Early prediction of response to ADT plus ARPIs in mHSPC using interpretable machine learning on PSMA PET/CT: a real-world study.
Authors
Affiliations (5)
Affiliations (5)
- Department of Urology, Disorders of Prostate Cancer Multidisciplinary Team, National Clinical Research Center for Geriatric Disorders, Xiangya Hospital, Central South University, Changsha, China.
- Department of PET Center, National Clinical Research Center for Geriatric Disorders, Xiangya Hospital, Central South University, Changsha, China.
- Department of Pathology, Disorders of Prostate Cancer Multidisciplinary Team, National Clinical Research Center for Geriatric Disorders, Xiangya Hospital, Central South University, Changsha, China. [email protected].
- Department of PET Center, National Clinical Research Center for Geriatric Disorders, Xiangya Hospital, Central South University, Changsha, China. [email protected].

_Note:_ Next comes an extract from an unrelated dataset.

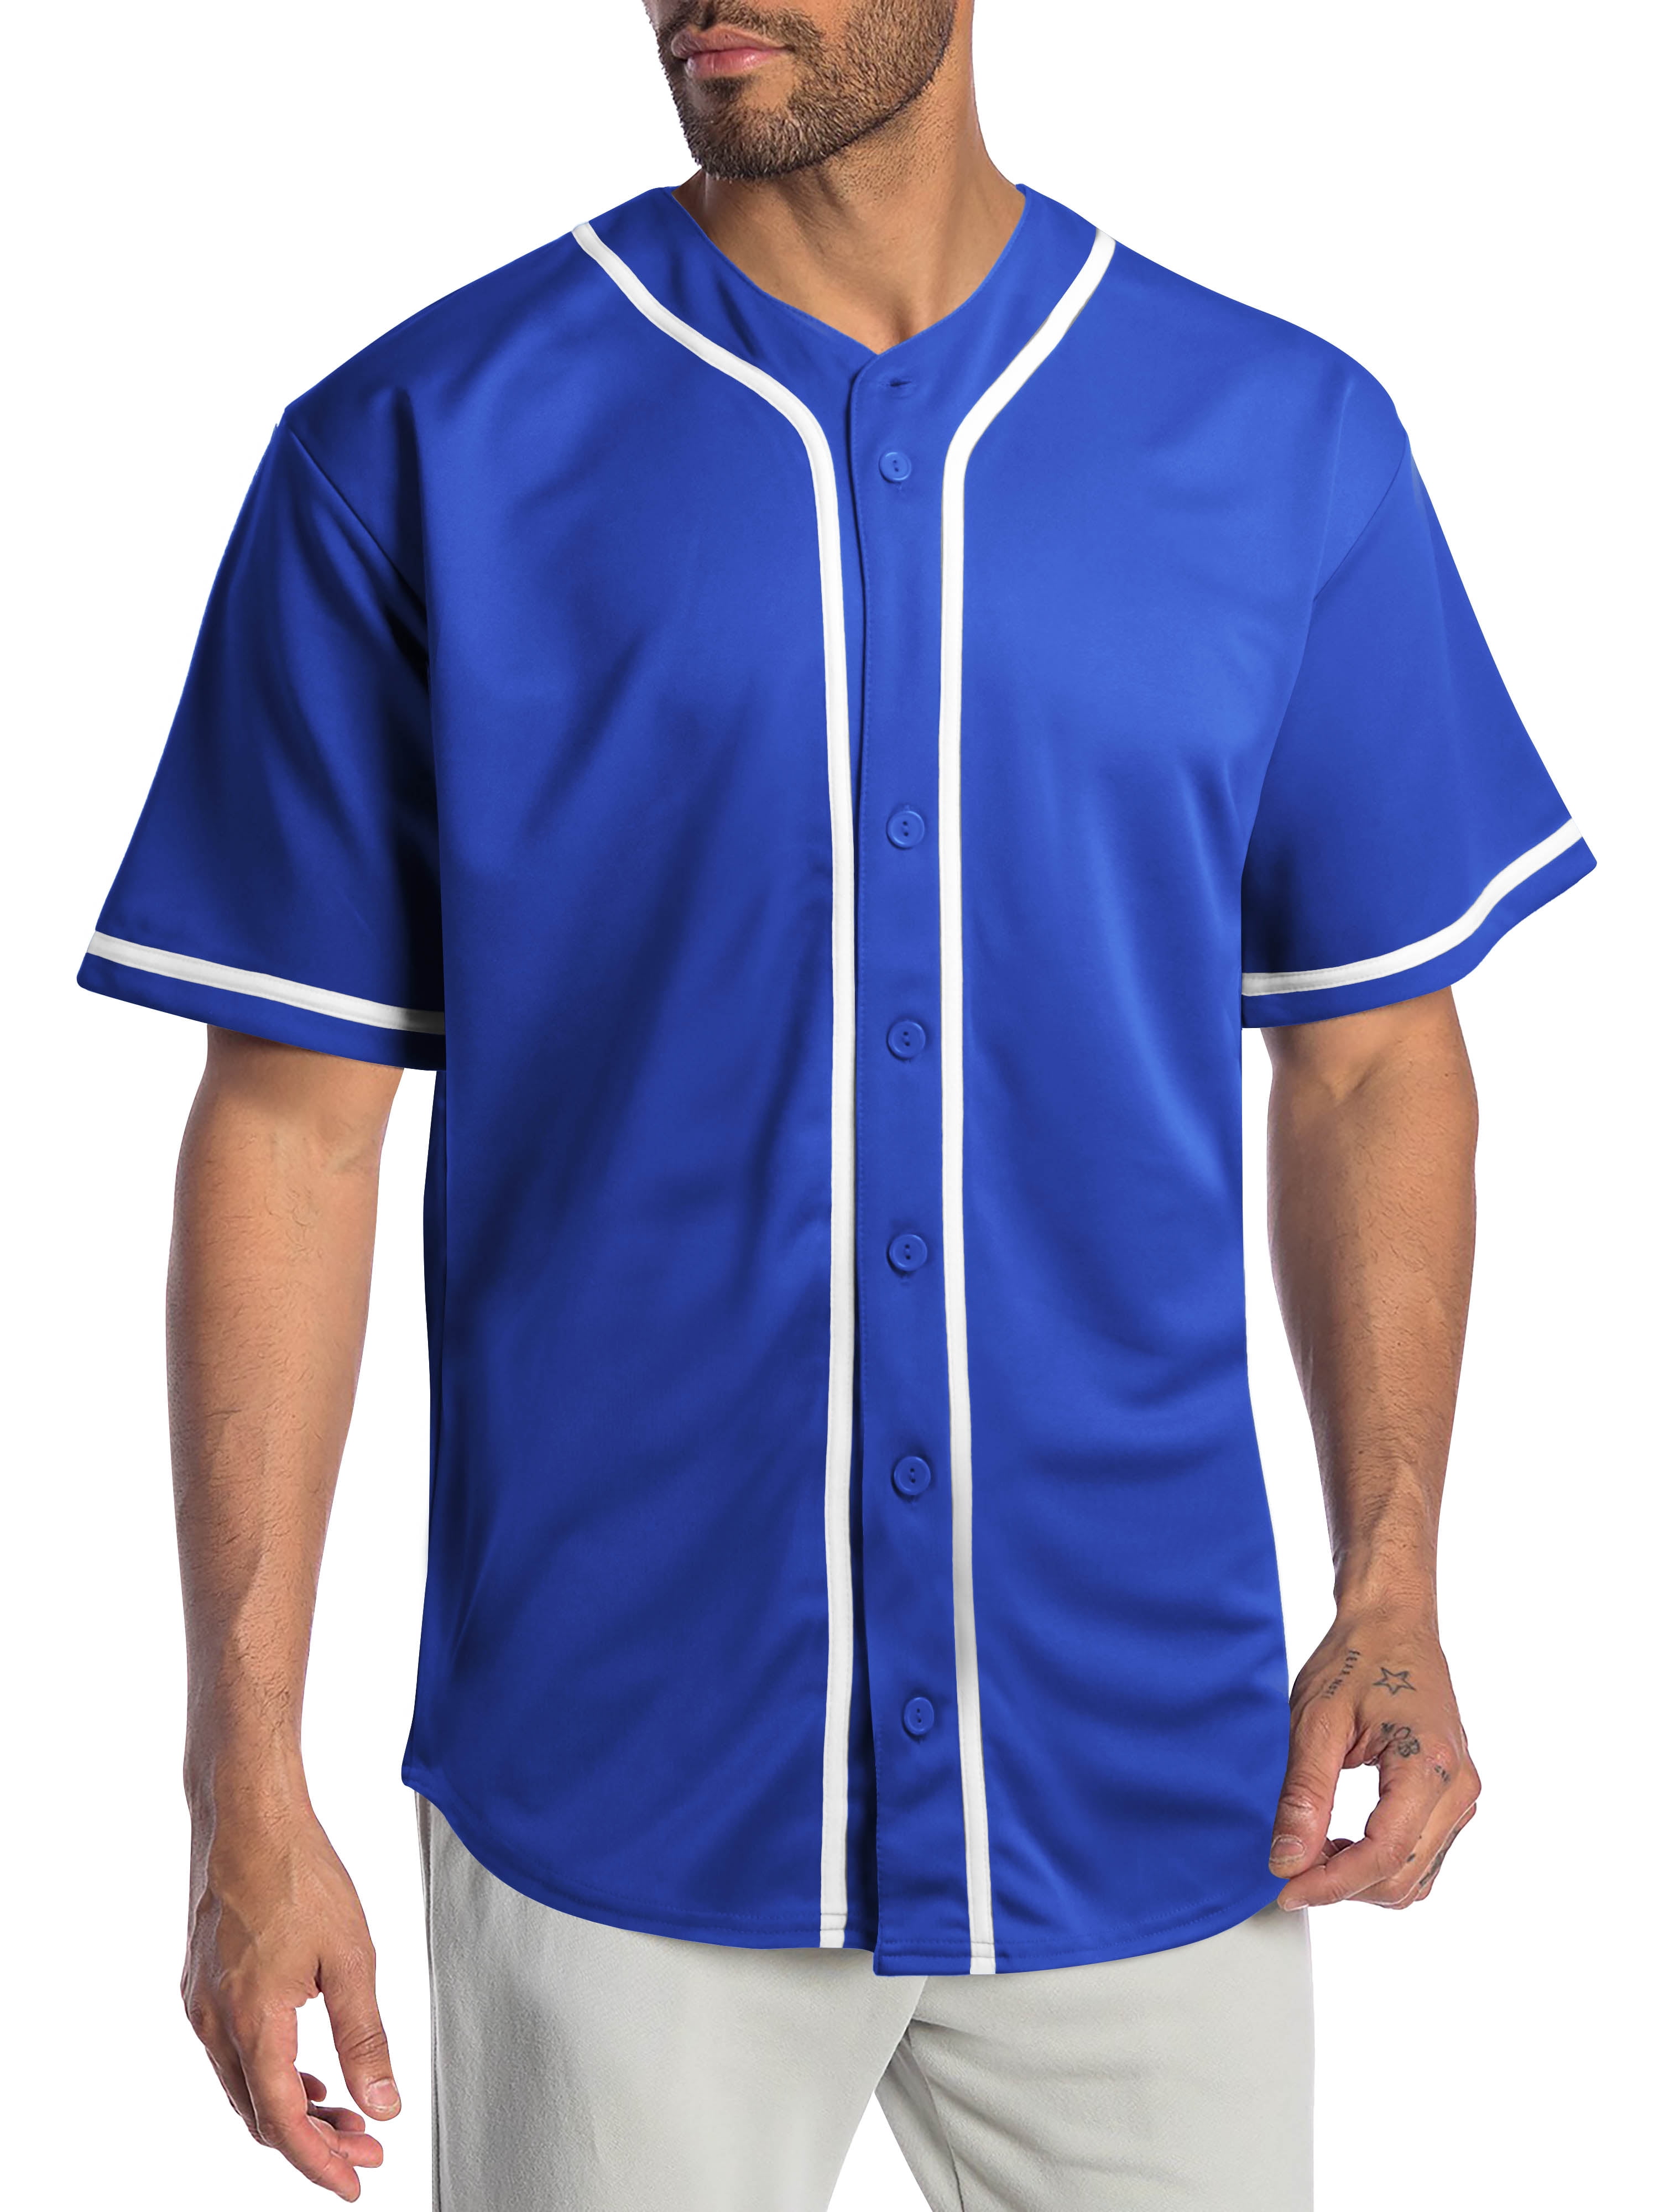 baseball jersey shirt

- Department of Urology, Disorders of Prostate Cancer Multidisciplinary Team, National Clinical Research Center for Geriatric Disorders, Xiangya Hospital, Central South University, Changsha, China. [email protected].
Abstract
Reliable tools for early prediction of treatment response to androgen deprivation therapy (ADT) plus novel androgen receptor pathway inhibitors (ARPIs) in metastatic hormone-sensitive prostate cancer (mHSPC) remain lacking. This study aimed to develop and validate an interpretable machine learning model integrating [⁶⁸Ga]Ga-PSMA PET/CT-derived imaging features to predict response before therapy initiation. In this real-world study, 212 de novo mHSPC patients undergoing [⁶⁸Ga]Ga-PSMA PET/CT were included. Eighteen imaging and eight clinical features were extracted. Three ensemble-based recursive algorithms were applied for feature selection, and six machine learning models were developed. SHAP analysis was used for interpretability. Model outputs were combined with CHAARTED-defined tumor burden for refined risk stratification. Ten key features were identified, including metastatic total lesion PSMA uptake (m_TL_PSMA), whole-body peak standardized uptake value (w_SUVpeak), and primary lesion mean standardized uptake value (p_SUVmean). CatBoost achieved the best performance (training AUC = 0.908; test AUC = 0.904; Kappa = 0.717). In a temporally independent validation cohort, the model yielded an AUC of 0.875 (95% CI: 0.765-0.961), sensitivity of 0.72, and specificity of 0.89. Combined with CHAARTED classification, the model stratified patients into prognostic groups: responders with low-volume disease had the best metastatic castration-resistant prostate cancer (mCRPC)-free survival, while non-responders with high-volume disease had the worst outcomes. The explainable CatBoost-based model integrating quantitative PSMA PET/CT features demonstrated promising accuracy in predicting response to ADT plus ARPIs in mHSPC. When combined with the CHAARTED classification, it facilitated risk stratification. Prospective multicenter validation is required.